Recovering from broken foreign key leftovers on postgresql

419 views Asked by At

We have a very simple one-to-many relation. site and resolver tables. resolver has a foreign key for site_id.

We decided to remove the resolver table as it's not useful anymore. So we just simply did DROP TABLE resolver. However, we use 2ndQuadrant BDRv1 for async multi-multi replication and it has a bug. It doesn't cleanup the constraints properly when you do that.

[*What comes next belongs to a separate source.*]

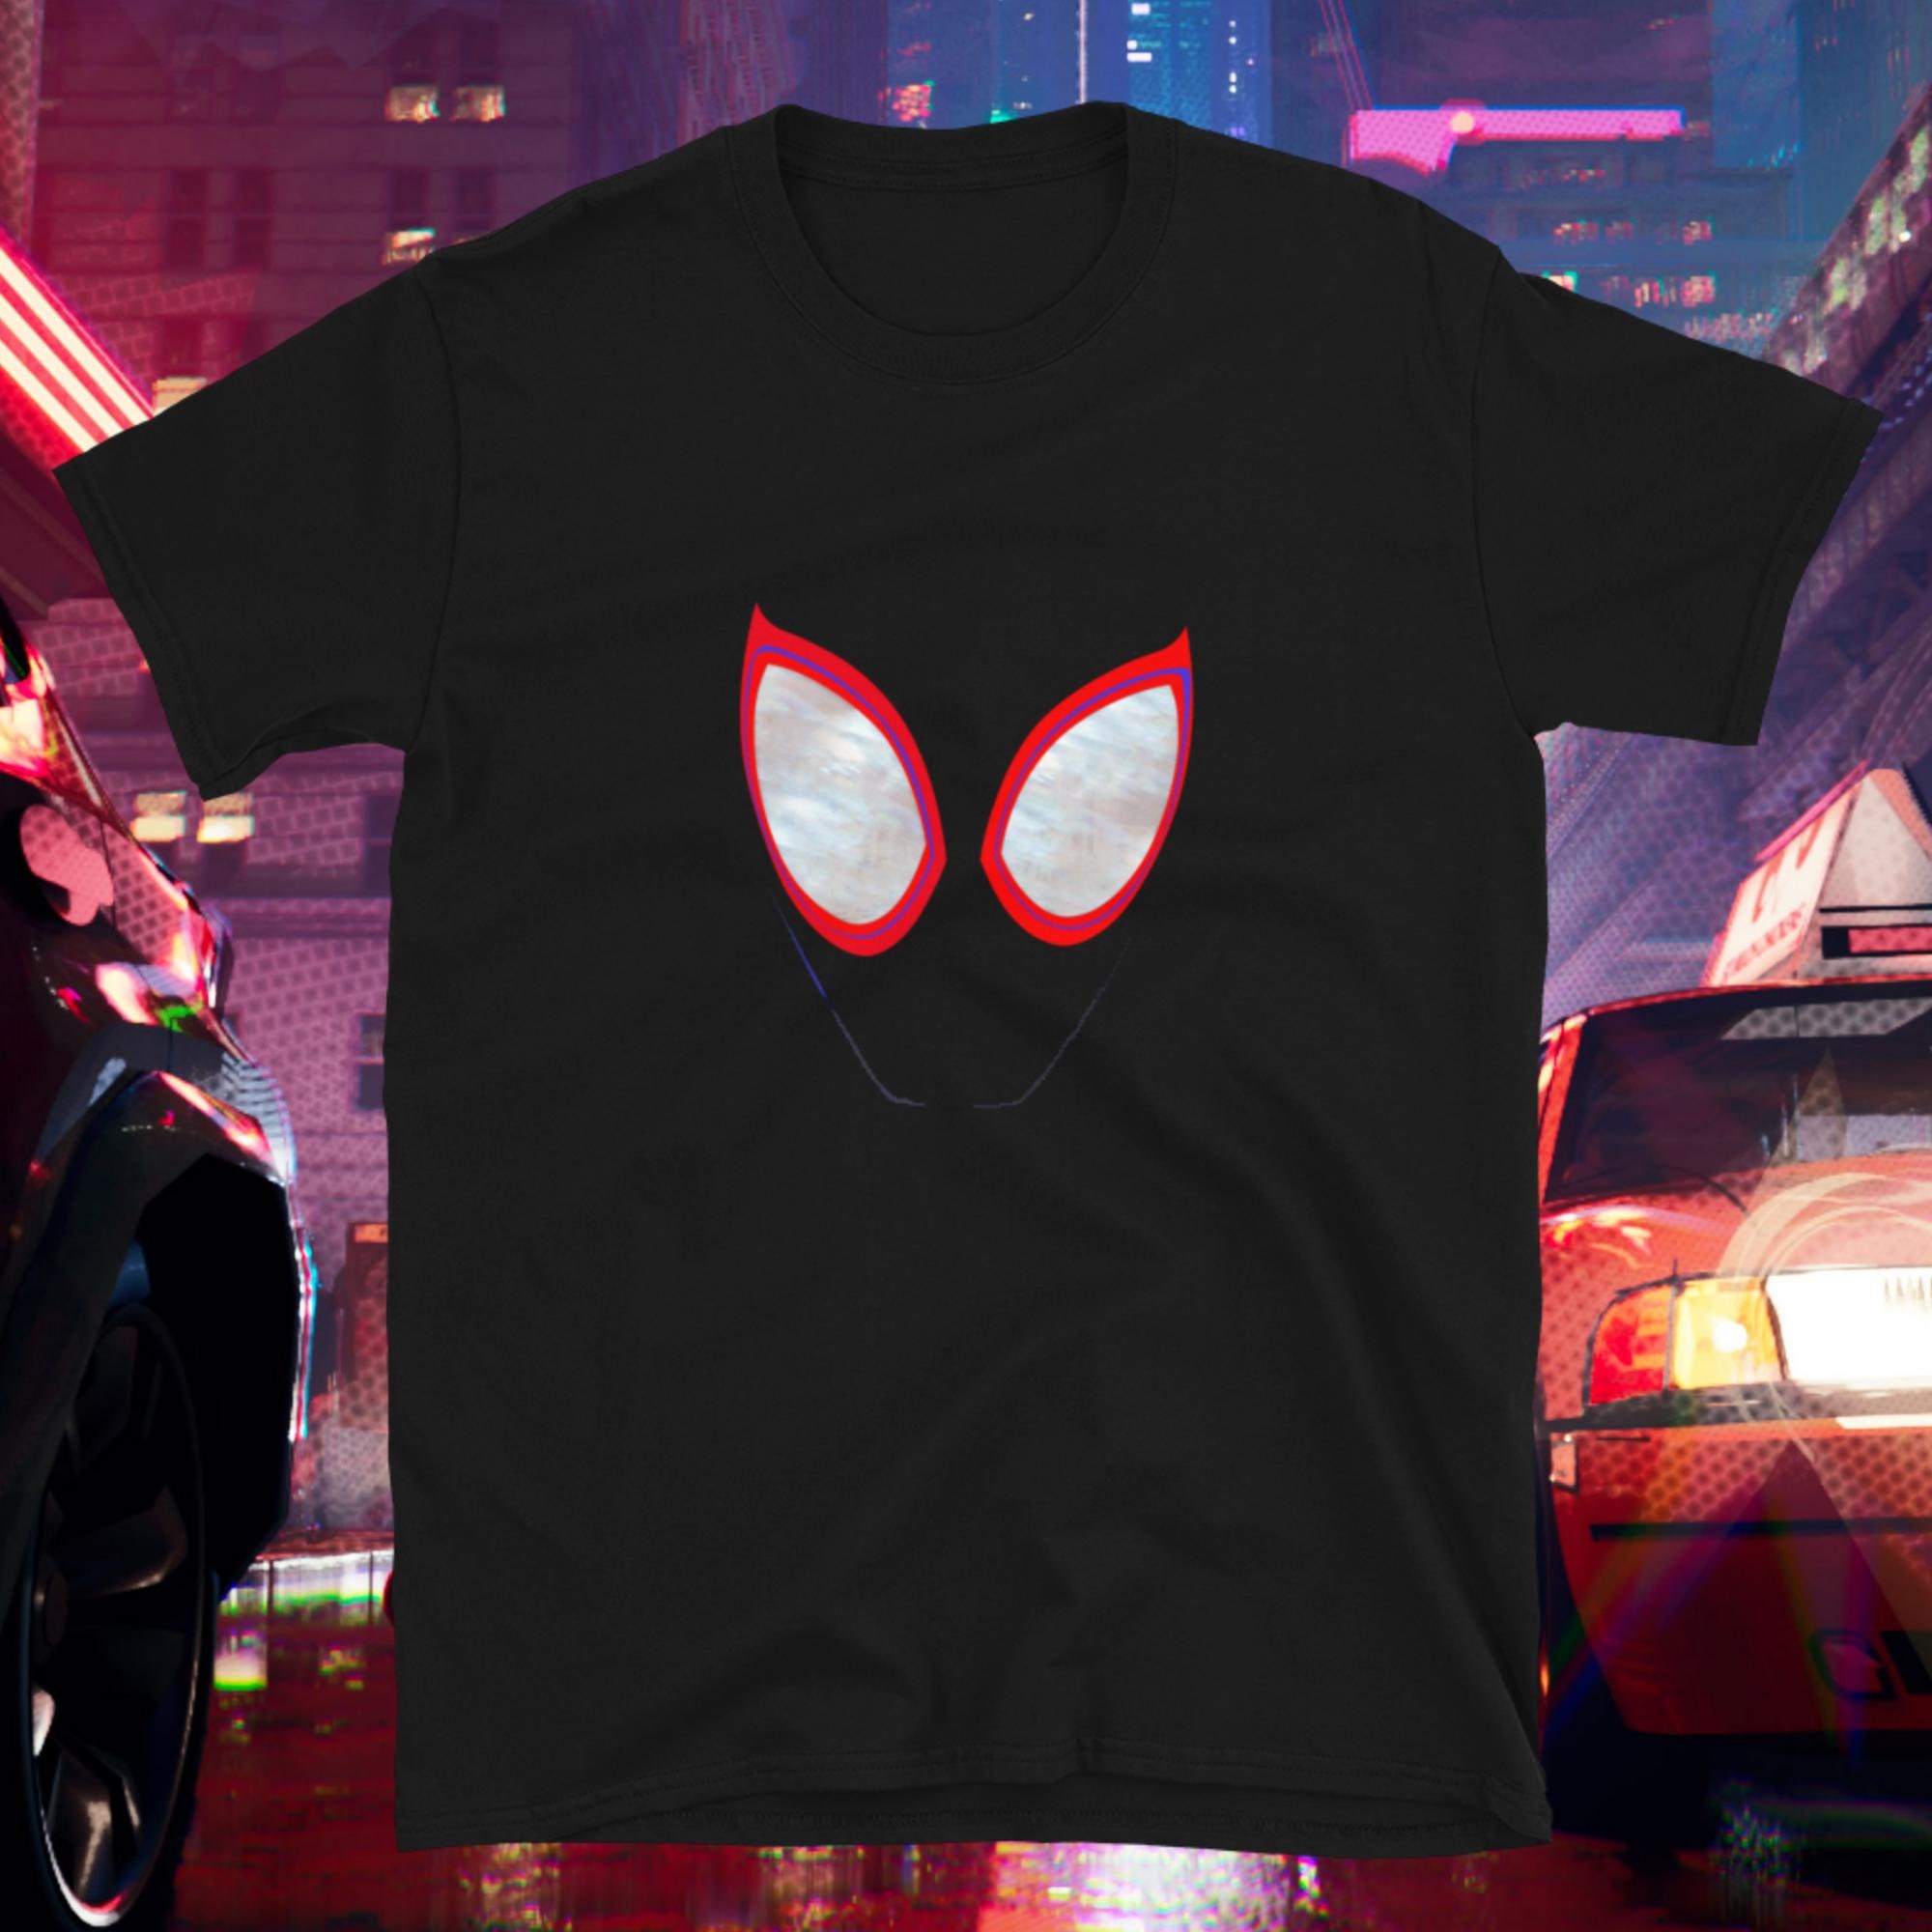 Spider-man Mens T-Shirt- Brooklyn New York Lapel Miles Morales Logo Back  (Small)

We actually noticed this before for another use case and dropped the foreign key and primary keys before dropping the table and it worked out great. This time we missed it and we have this corrupt state in the field.

It doesn't cause much trouble except when you try to DELETE the site (which is thankfully not a common scenario).

could not open relation with OID 16904

 

There are workarounds but we need to clean this up on the next release. It's a product deployed by many customers, not our own deployment. So it needs to be as smooth as possible. So, while "recreate the database or table" etc. are valid answers (and probably should appear as answers, preferably with commands or links), they are not always the most feasible to accomplish on a customer deployment.

So, dropping constraint doesn't work because the table doesn't exist anymore.

ALTER TABLE site DROP CONSTRAINT resolver_site_id_fk;
ERROR:  constraint "resolver_site_id_fk" of relation "site" does not exist
ALTER TABLE resolver DROP CONSTRAINT resolver_site_id_fk;
ERROR:  relation "resolver" does not exist

So, I decided to accomplish what it does by messing up with the internal tables by looking around. I know, great idea..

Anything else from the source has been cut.